– Это красивые вещи, моя милая, – наставительно произнес Демид. – Люди, которые их изготовили, в полной мере обладали чувством изящного. Кропотливая работа и мастерство, отточенное десятилетиями, – вот о чем думаешь, когда глядишь на все это. Видите ли, девушка, нельзя спешить, когда собираешься создать произведение искусства – будь то картина, роман или просто портсигар с инкрустацией. Спешка – она убивает великое.

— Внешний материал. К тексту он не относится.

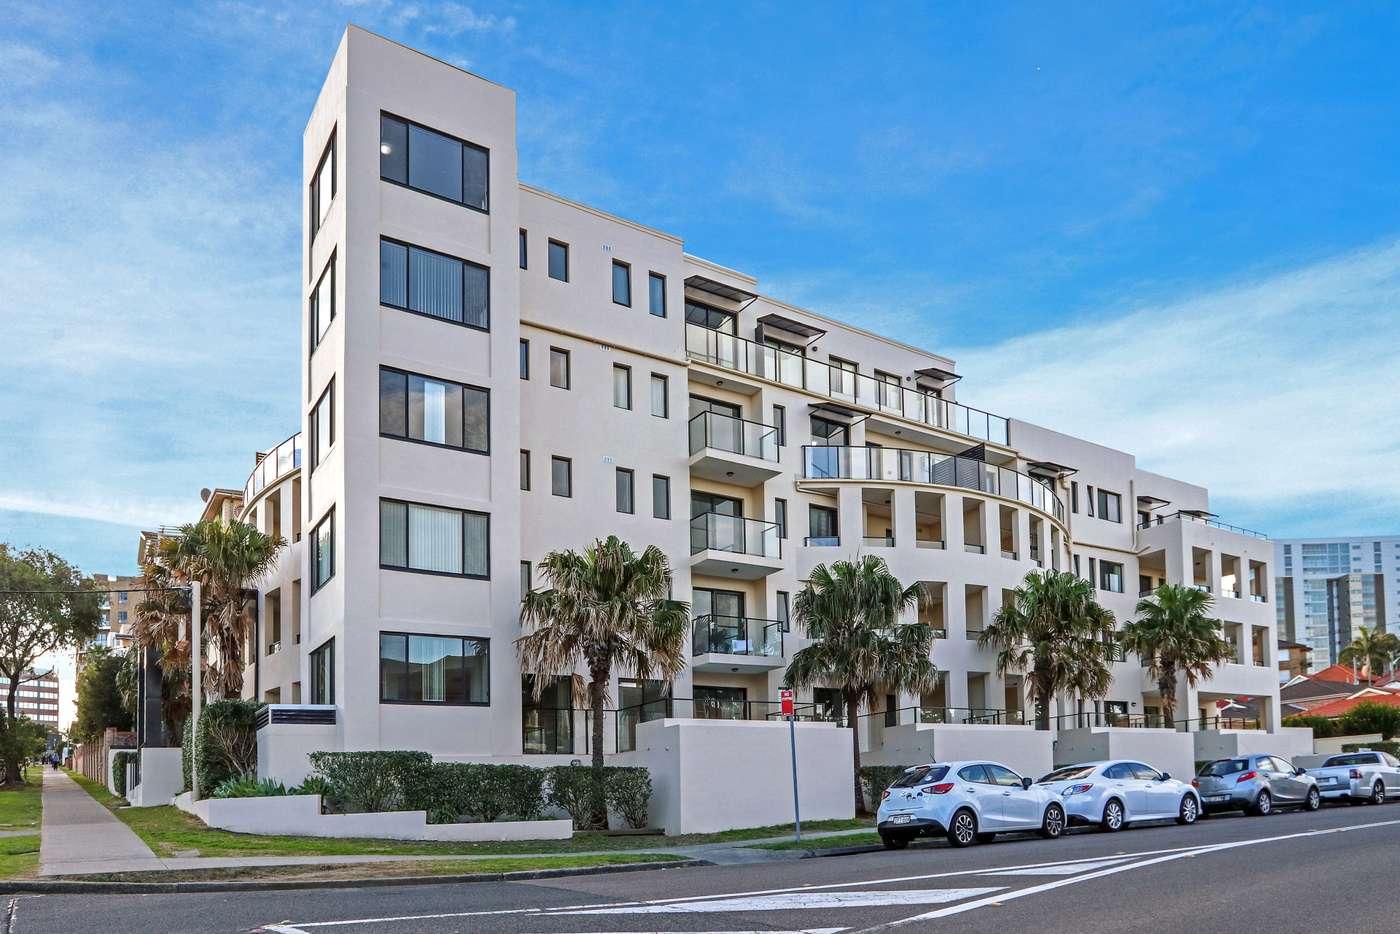 Main view of Homely unit listing, 18/1 Finney Street, Hurstville, NSW 2220

– Ну и что ты этим хочешь сказать?
– Не ругай меня, солнышко. Кто знает, может быть, дни жизни моей сочтены, и недолго мне еще осталось наслаждаться маленькими радостями земного существования? Так стоит ли подчинять себя вынужденному распорядку, давить ростки безумной тяги к роскоши? Если мне нравится этот халат – я буду носить его и наслаждаться нежной прохладой шелка из долины Цюйфу, что бы об этом ни думали прочие обитатели мира. – Он почесал мундштуком переносицу. – О чем это я? Да! Послушай, ангел мой, стихи, которые я написал этим чудным утром, наблюдая, как солнце распускает нежные лепестки рассвета над тихою синевою вод. Мне кажется, они потрясут мир...
Он лизнул палец и зашелестел хрупкими страницами блокнота. Лека посмотрела на него с нежностью.
«Милый Демид. Милый мой большой ребенок. Достаточно умный, чтобы позволить себе говорить глупости. Достаточно сильный, чтобы разрешить себе выглядеть слабым. Достаточно уверенный в себе, чтобы вдоволь посмеяться над самим собой. Актер, забывший свою роль, но делающий вид, что знает ее назубок. Ну чем ты поразишь меня сейчас?»
– Ага. Вот! – Демид начал читать стихи нараспев, вкладывая в каждое слово столько мистической томности, что Леке захотелось тут же повалить его на кровать и укусить. Правой рукой декламатор описывал в воздухе сложные кривые, соответствующие тонким извивам его прихотливой души:
Ты помнишь дворец великанов,
В бассейне серебряных рыб,
Аллеи высоких платанов
И башни из каменных глыб.
Как конь золотистый у башен,
Играя, вставал на дыбы,
И белый чепрак был украшен
Узорами тонкой резьбы.
Ты помнишь, у облачных впадин
С тобою нашли мы карниз,
Где звезды, как горсть виноградин,
Стремительно падали вниз.
Теперь, о, скажи, не бледнея,
Теперь мы с тобою не те,
Быть может, сильней и смелее,
Но только чужие мечте.
У нас как точеные руки,
Красивы у нас имена,
Но мертвой, томительной скуке
Душа навсегда отдана.
И мы до сих пор не забыли,
Хоть нам и дано забывать.
То время, когда мы любили,
Когда мы умели летать.
– Ну как? – Дик бросил на Леку взгляд непризнанного гения.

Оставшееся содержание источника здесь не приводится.